**DIRECTIONS FOR THIS TASK**
Would you please copy every line below that includes the string "Golf"?

**EXERCISE INPUTS**
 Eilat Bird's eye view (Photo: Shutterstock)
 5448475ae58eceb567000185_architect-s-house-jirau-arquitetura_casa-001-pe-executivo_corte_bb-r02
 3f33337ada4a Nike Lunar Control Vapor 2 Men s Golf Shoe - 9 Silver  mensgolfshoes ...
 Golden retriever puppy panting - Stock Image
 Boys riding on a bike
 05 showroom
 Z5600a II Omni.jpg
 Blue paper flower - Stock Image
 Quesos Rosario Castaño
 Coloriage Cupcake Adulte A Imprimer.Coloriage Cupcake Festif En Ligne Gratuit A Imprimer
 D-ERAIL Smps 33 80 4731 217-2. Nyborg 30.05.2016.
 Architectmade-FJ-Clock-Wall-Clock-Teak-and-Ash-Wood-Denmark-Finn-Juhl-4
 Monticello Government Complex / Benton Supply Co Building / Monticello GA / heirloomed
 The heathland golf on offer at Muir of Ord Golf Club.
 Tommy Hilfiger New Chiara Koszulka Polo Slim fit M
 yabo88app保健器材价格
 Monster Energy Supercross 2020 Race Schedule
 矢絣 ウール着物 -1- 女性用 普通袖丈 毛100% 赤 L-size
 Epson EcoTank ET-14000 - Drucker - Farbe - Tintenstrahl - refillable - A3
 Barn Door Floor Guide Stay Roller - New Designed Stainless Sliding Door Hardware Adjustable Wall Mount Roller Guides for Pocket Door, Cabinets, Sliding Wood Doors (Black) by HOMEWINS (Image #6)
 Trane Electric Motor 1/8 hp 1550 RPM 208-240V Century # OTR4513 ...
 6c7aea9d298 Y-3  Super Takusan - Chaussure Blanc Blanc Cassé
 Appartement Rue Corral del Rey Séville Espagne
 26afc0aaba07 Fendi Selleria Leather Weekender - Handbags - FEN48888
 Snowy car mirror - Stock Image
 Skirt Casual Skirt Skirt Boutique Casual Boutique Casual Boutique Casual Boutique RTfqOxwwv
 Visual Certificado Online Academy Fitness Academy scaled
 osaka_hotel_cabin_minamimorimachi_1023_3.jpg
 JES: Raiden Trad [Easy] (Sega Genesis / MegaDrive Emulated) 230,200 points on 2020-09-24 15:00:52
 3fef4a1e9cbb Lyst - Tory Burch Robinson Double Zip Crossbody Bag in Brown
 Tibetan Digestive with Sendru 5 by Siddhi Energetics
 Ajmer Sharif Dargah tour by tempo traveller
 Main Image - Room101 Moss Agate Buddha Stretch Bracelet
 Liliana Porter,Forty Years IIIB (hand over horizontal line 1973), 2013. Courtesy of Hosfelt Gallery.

**ANSWER SPACE**
 3f33337ada4a Nike Lunar Control Vapor 2 Men s Golf Shoe - 9 Silver  mensgolfshoes ...
 The heathland golf on offer at Muir of Ord Golf Club.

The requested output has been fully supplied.